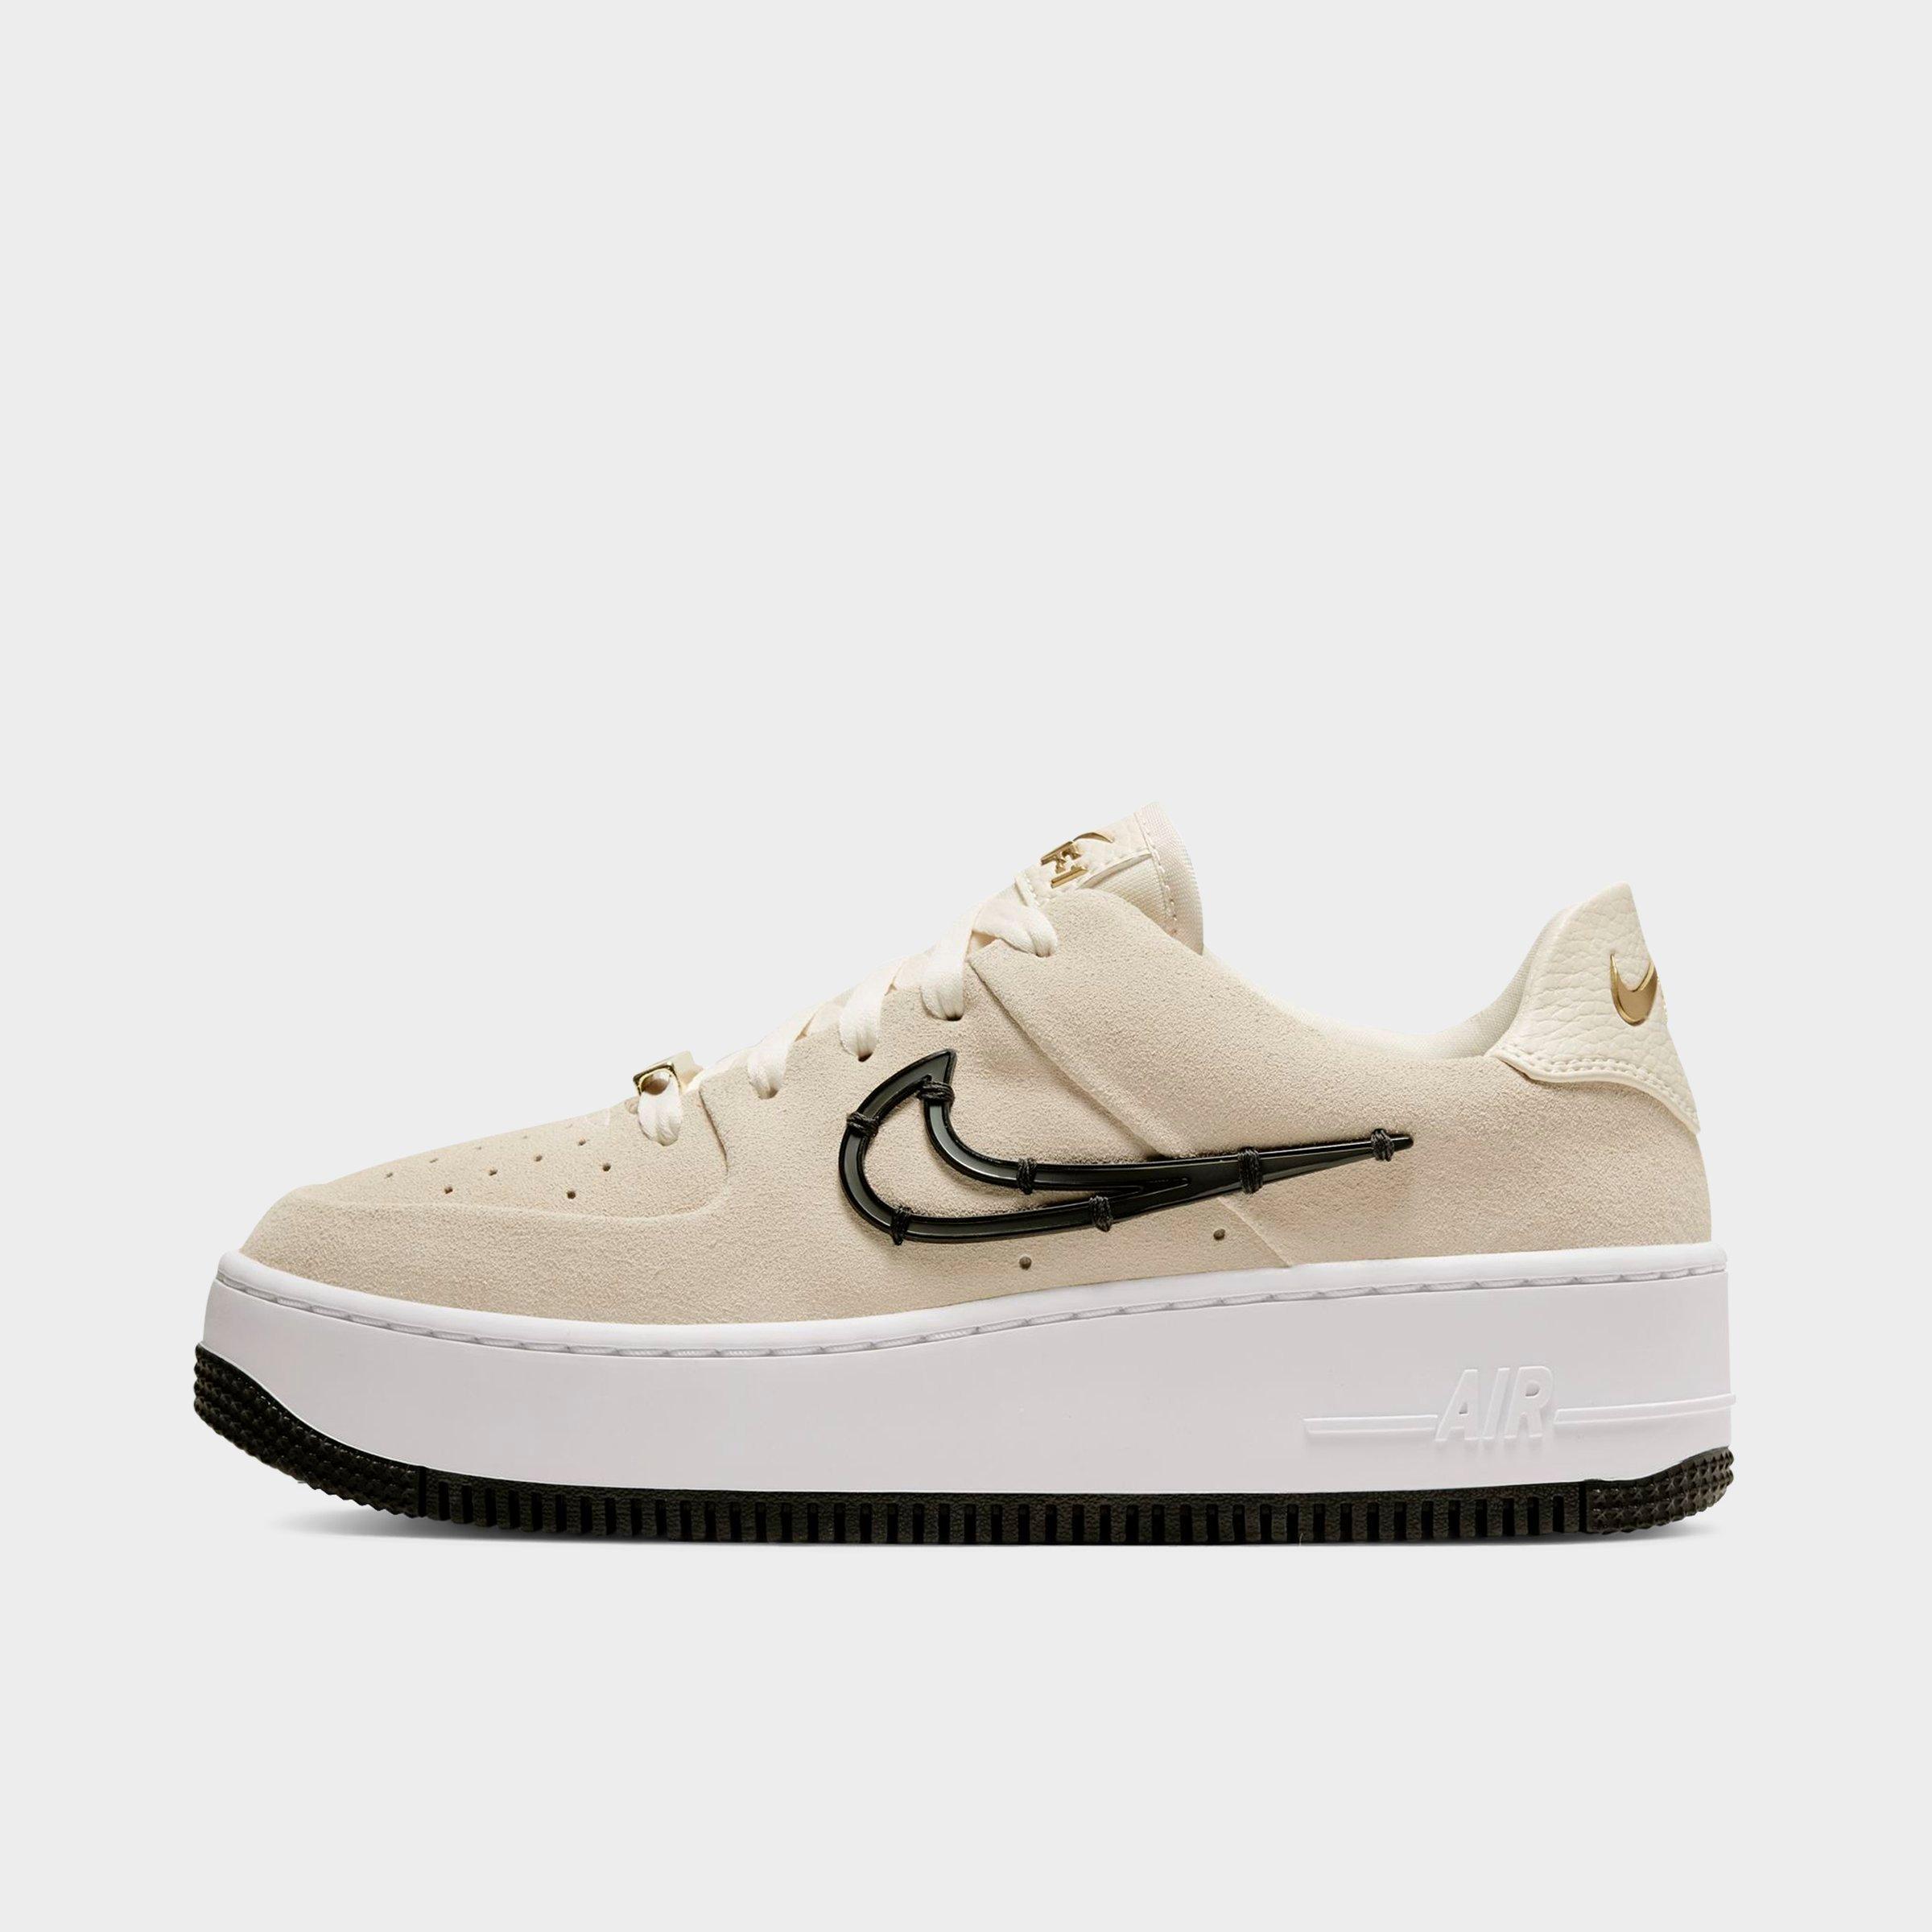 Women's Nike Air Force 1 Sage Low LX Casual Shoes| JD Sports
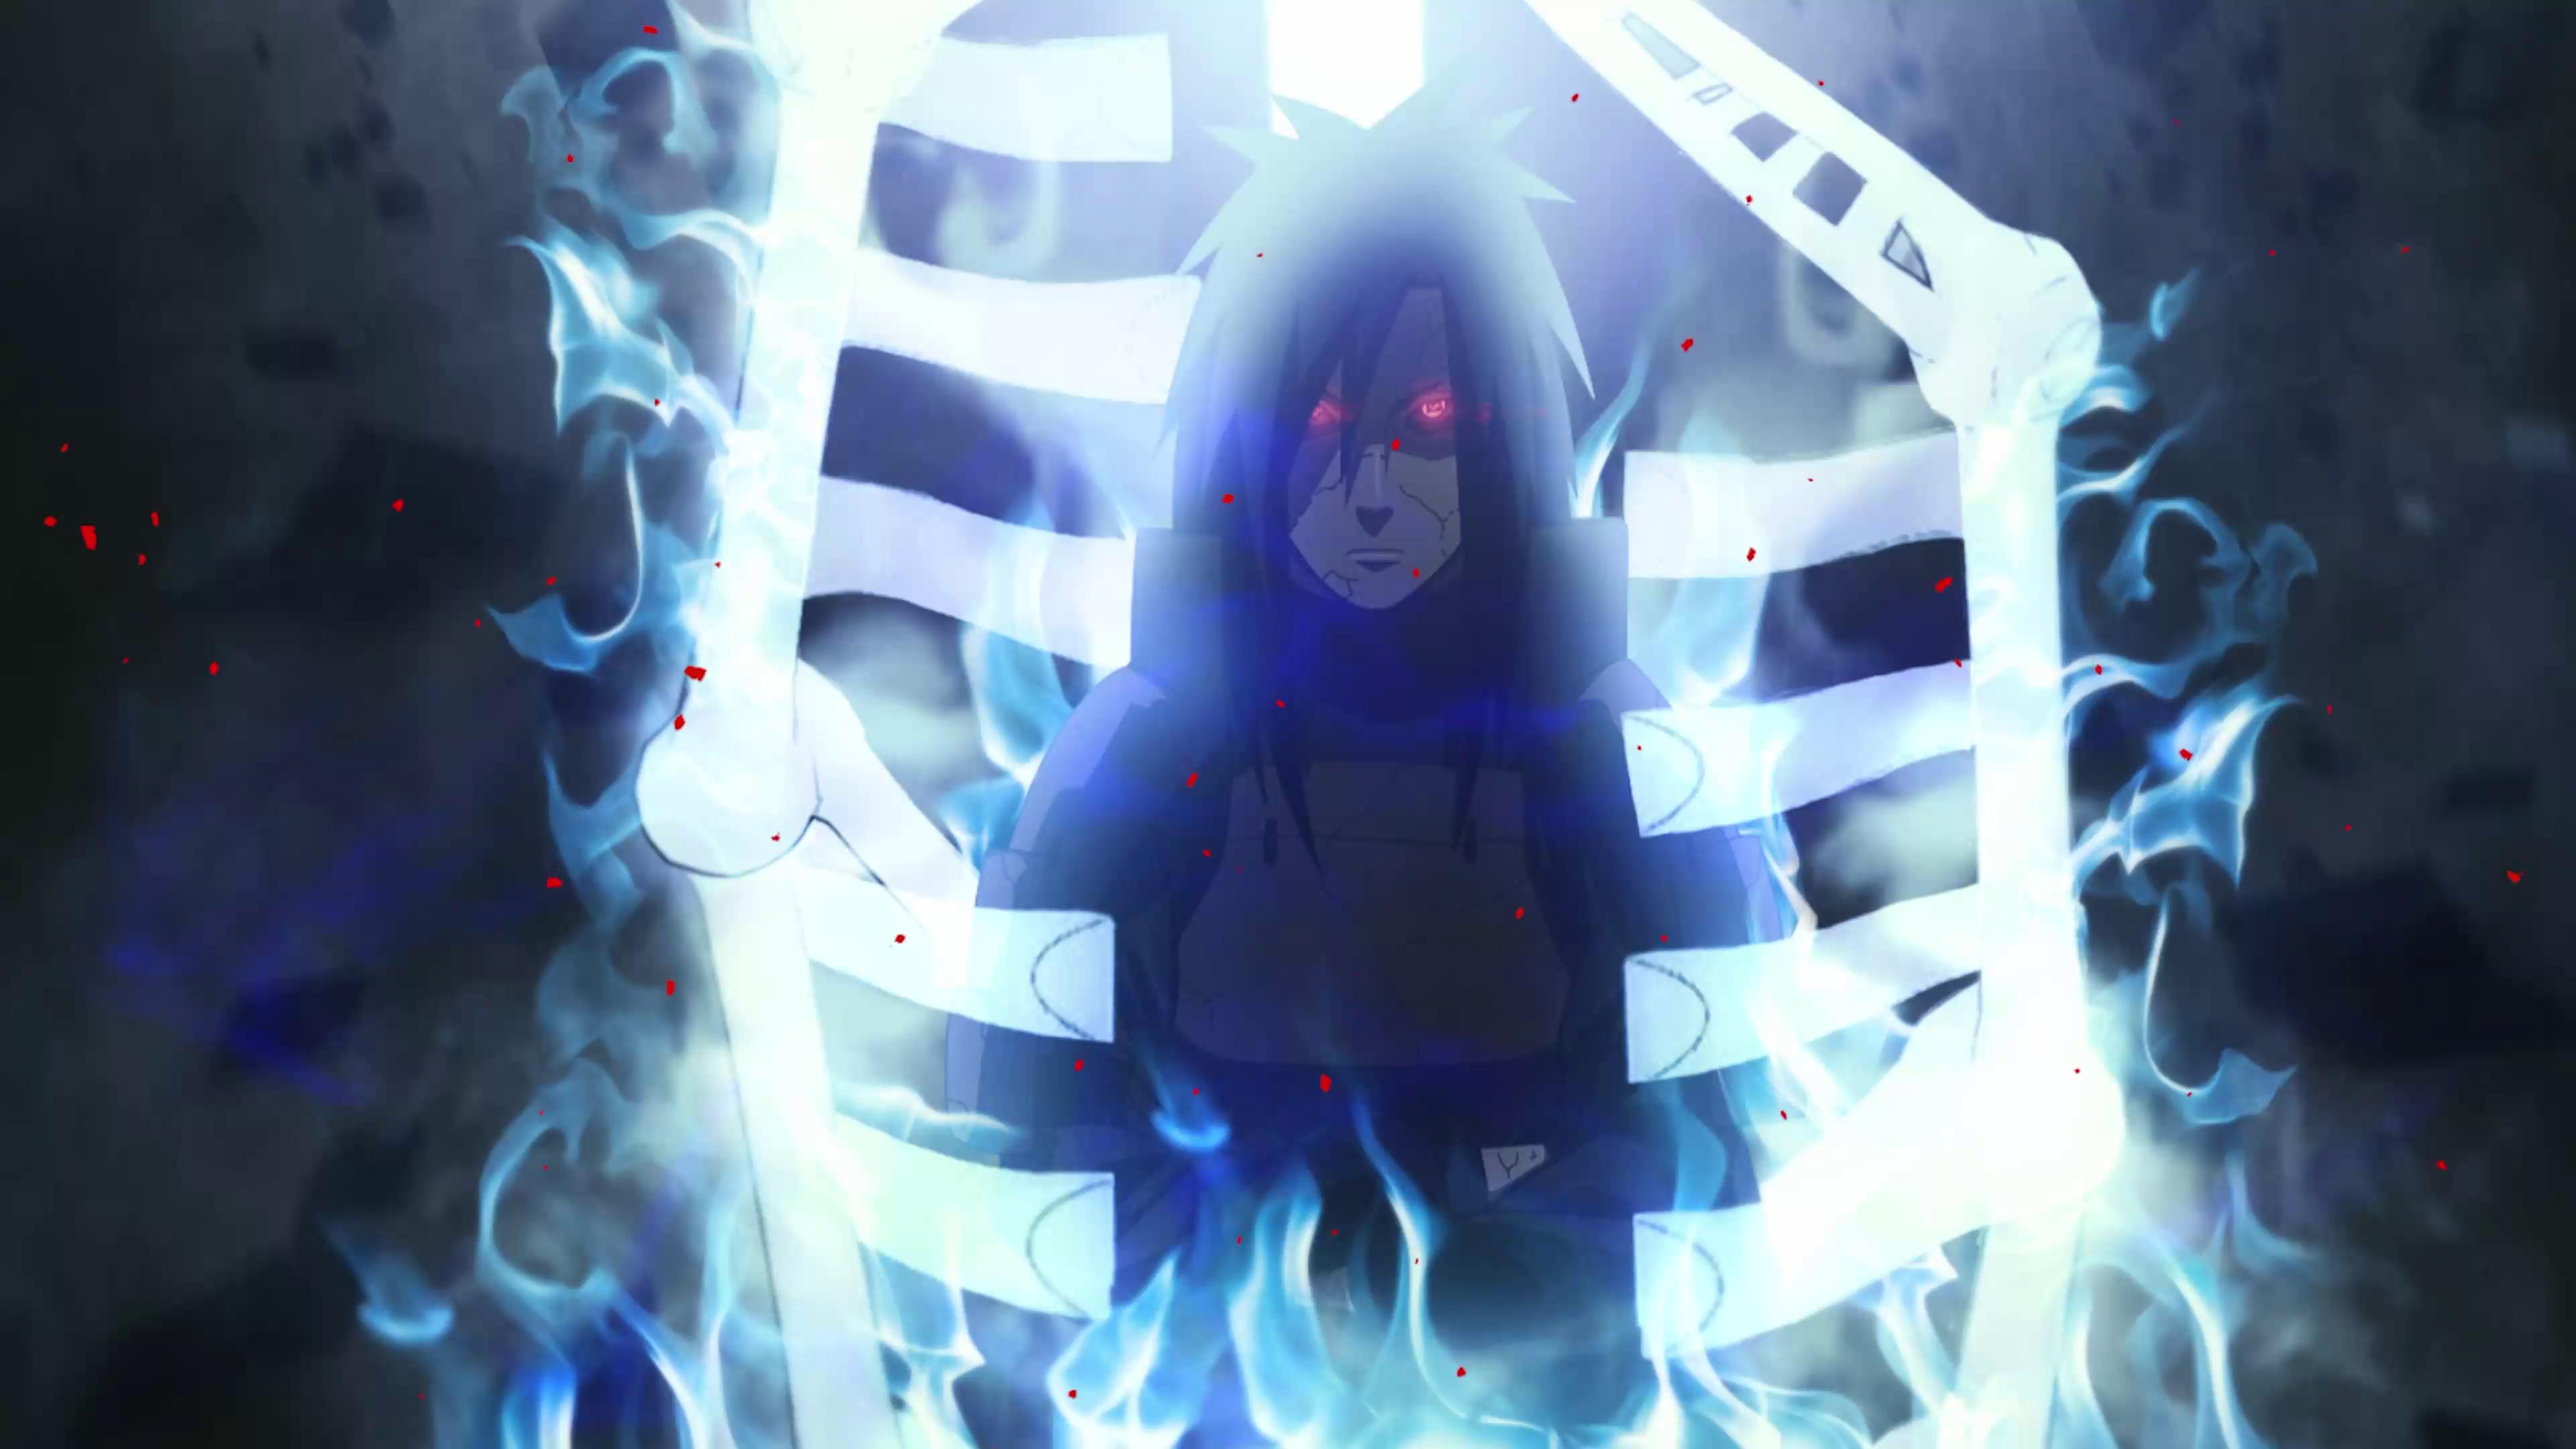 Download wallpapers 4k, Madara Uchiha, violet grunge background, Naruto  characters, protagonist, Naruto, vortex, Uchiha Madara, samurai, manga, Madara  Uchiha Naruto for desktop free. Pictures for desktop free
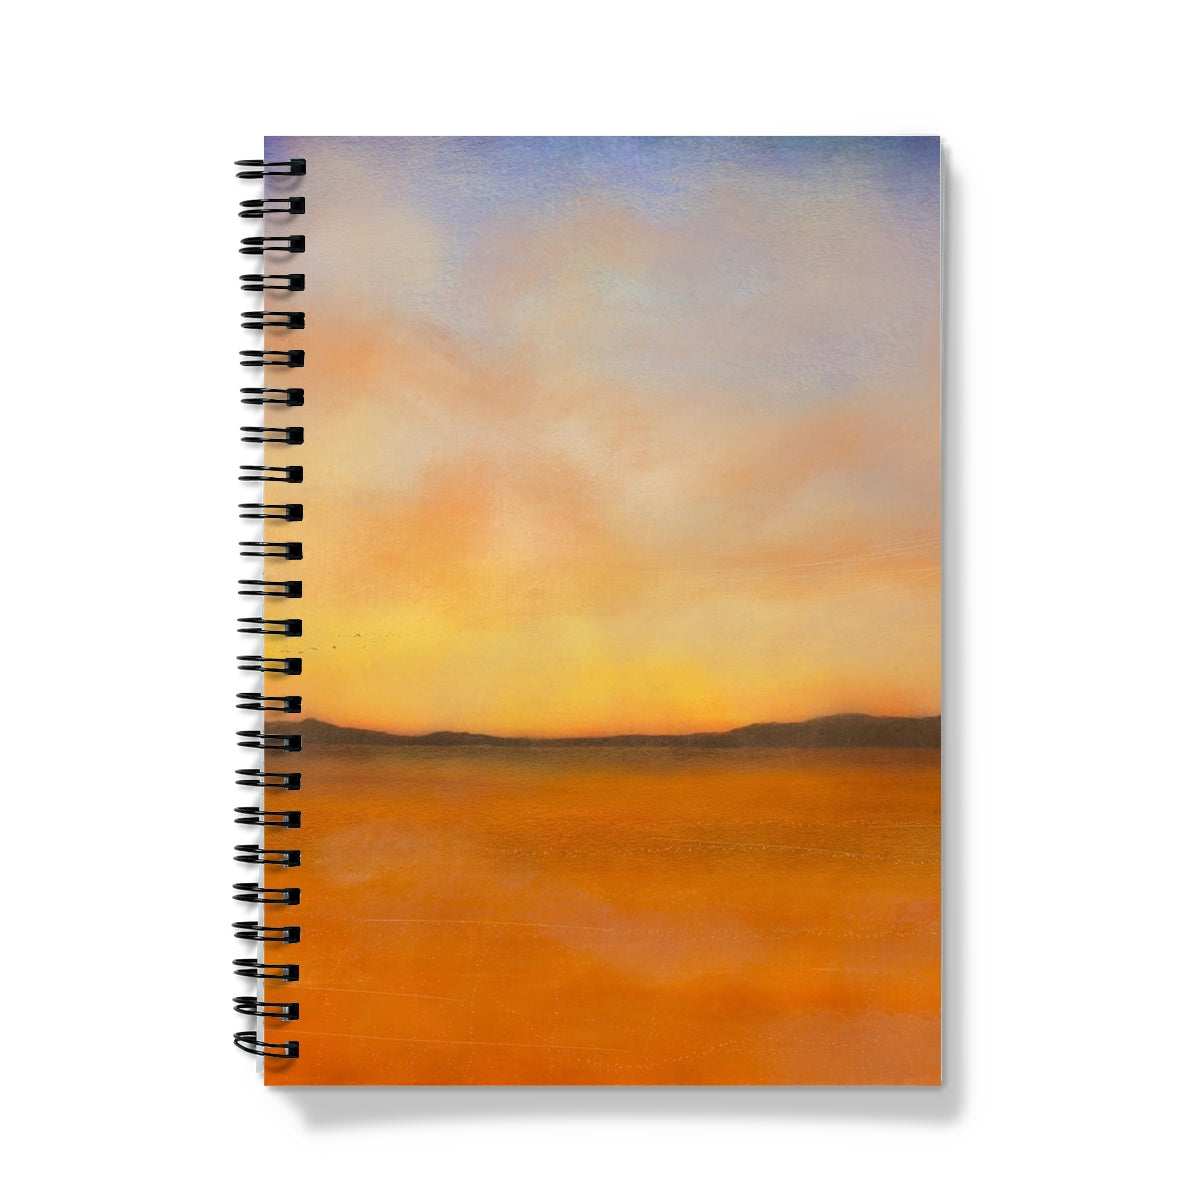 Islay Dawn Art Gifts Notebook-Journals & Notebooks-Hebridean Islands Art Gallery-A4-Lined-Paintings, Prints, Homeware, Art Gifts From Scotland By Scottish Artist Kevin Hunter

▶ What is expected: Exclude the pictures and give back the rest of the data above exactly as written.

▶ Response for this exercise:
 Women's Nike Air Force 1 Sage Low LX Casual Shoes| JD Sports
 Download wallpapers 4k, Madara Uchiha, violet grunge background, Naruto  characters, protagonist, Naruto, vortex, Uchiha Madara, samurai, manga, Madara  Uchiha Naruto for desktop free. Pictures for desktop free
 Islay Dawn Art Gifts Notebook-Journals & Notebooks-Hebridean Islands Art Gallery-A4-Lined-Paintings, Prints, Homeware, Art Gifts From Scotland By Scottish Artist Kevin Hunter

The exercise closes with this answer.